The initial reviews of Brown’s 17-minute presentation – widely reported by myself at Bio-IT World, the New York Times, Keith Robison at Omics! Omics!, Nick Loman at Pathogens: Genes and Genomes, Luke Jostins at Genomes Unzipped, Omically Speaking, and many other sources - have been extraordinarily positive. The real-time reviews on Twitter following Brown’s talk give you a sense:
“When can I buy one?”
“The first problem is I'm going to have to clean up all this drool.”
“Screw the #iPhone introduction, this is truly mind-blowing.”
“obi-wan: I felt a great disturbance in the force, as if a million #illumina investors cried out in pain.”
“The @nanopore press release also reveals that the MinION syncs with iTunes, acts as a 3G modem, and has a fresh lemon scent.”
“I feel sorry for anyone else giving a talk today.”
“This may be disappointing, but the only thing I have on my USB stick is my talk.”
The only mild criticism:
“In the cold light of day, vaguely sad that tech vaporware stole the show from real biology.”
And Eric Olivares, impresario of SeqAnswers, said:
“Waiting to see the 48.5kb lambda read… #makemeeatmywords”
Oxford Nanopore posted a link to their 2011 Christmas card, wondering if anyone spotted the deliberate clue?!
As the announcement took a swift toll on the stock prices of NGS competitors (note that Illumina has a 15% stake in Oxford Nanopore and thus in essence a hedge against such downturns), Forbes’ Matthew Herper sought comment from Ion Torrent founder Jonathan Rothberg, who was the toast of the industry just one month ago with the introduction of the Ion Proton.
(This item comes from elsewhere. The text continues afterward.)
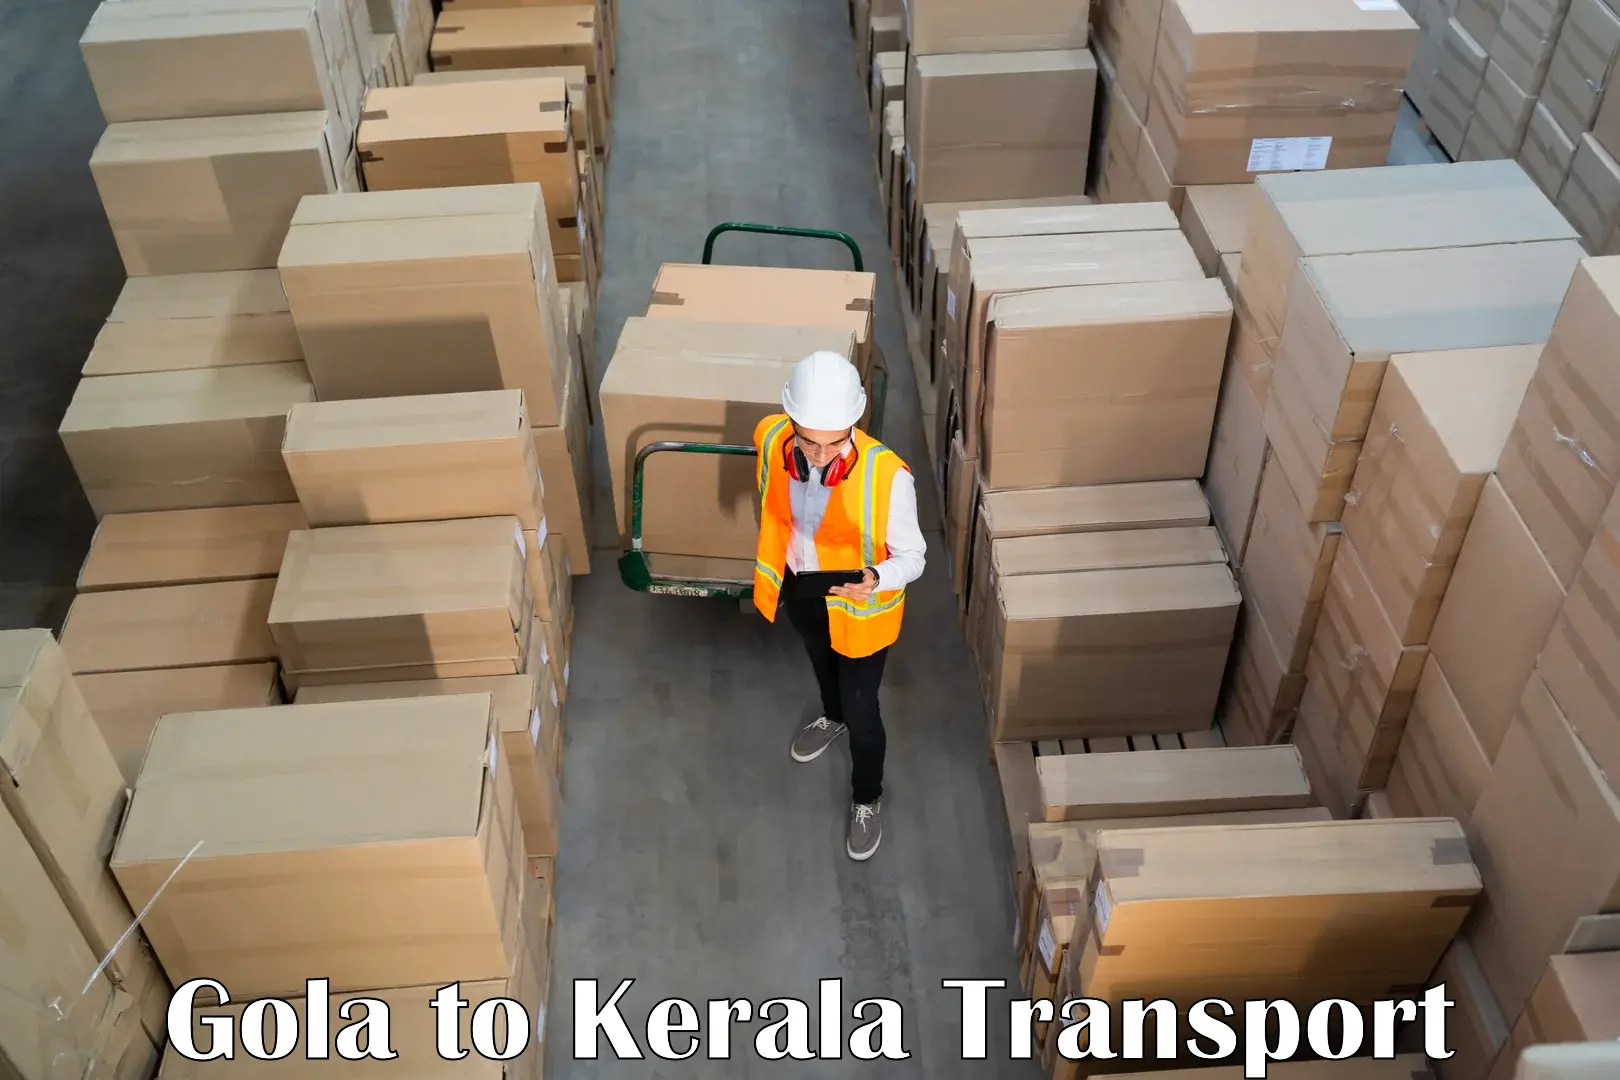 All India transport service Gola to Kattappana

He likened the furor around Oxford Nanopore to cold fusion, and wondered why for example the company hadn’t presented a bacterial genome sequence?
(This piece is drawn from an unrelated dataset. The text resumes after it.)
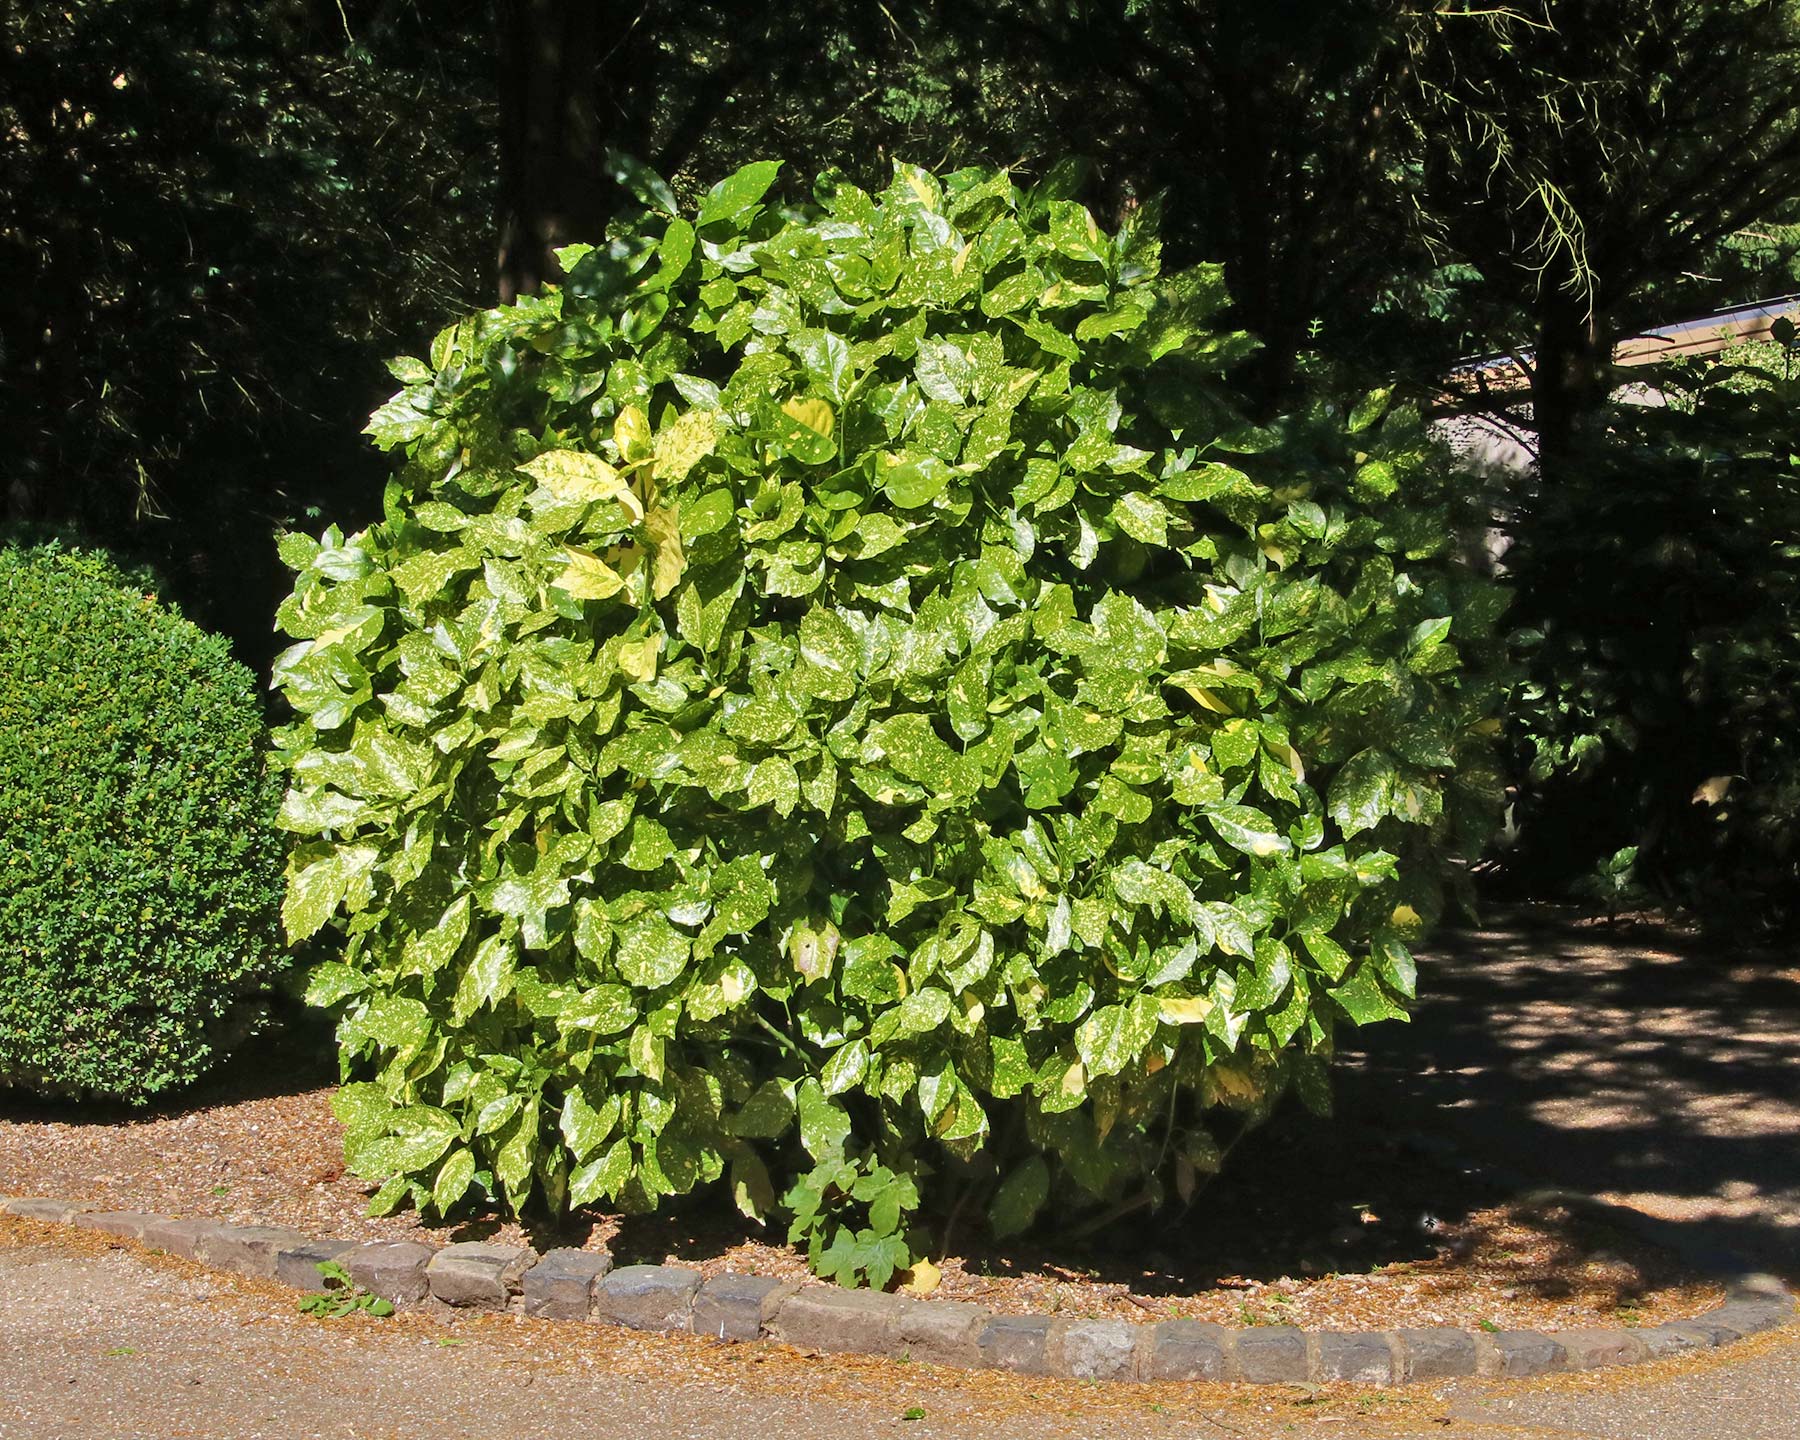 Aucuba japonica Variegata, as seen at Waddesdon Estate, UK

Such cynicism prompted Michael Eisen to respond on Twitter: “Nobody knows about overhyped and not ready for prime time sequencing tech like jonathan rothberg.”
Brown had a quick retort as well: “We had MinION systems with us in our suite. I held one up during the talk, I understand it’s so small it may not have been visible from the back of the room.”
On the face of it, Oxford Nanopore’s new generation sequencing (as they call it) technology boasts many desirable features. Here are ten reasons (I could think of more) to be excited:
10. Long reads, sufficient to sequence a virus in a single run
9. Even quality without degradation across the entire length of the read. Accuracy good (96% raw read) with road to improvement
8. Sequence of both sense and anti-sense strands in succession courtesy of a hairpin loop at the end of the DNA template
7. Ease of sample prep – no fluidics!
6. Proprietary nanopore and synthetic polymer bilayer for greater robustness
5. A topoisomerase of some description (helicase? gyrase?) for unzipping double-stranded DNA prior to sequencing, rather than the use of a polymerase to ratchet the DNA through the pore
4. A novel bioinformatic method for reading the sequence in overlapping triplets, involving Hidden Markov models and Viterbi algorithms
3. “Run until done” modality in which experiments are monitored in real time and halted depending on results
2. The world’s first disposable sequencer on a USB stick, with no ownership overheads and an accessible workflow for a single researcher
1. A pathway to the $1,000 genome in under an hour by 2013 using an 8k array
Now, all this is well and good, but until raw data are presented and published, a degree of skepticism is to be expected. As Elaine Mardis told an audience at NHGRI last week, “We are scientists after all.” Keith Robison has a considered plea for data release at Omics! Omics!
But those requests will be answered soon, no doubt. The early access program is apparently set, and eager users shouldn’t have to wait more than 6-9 months before commercial release.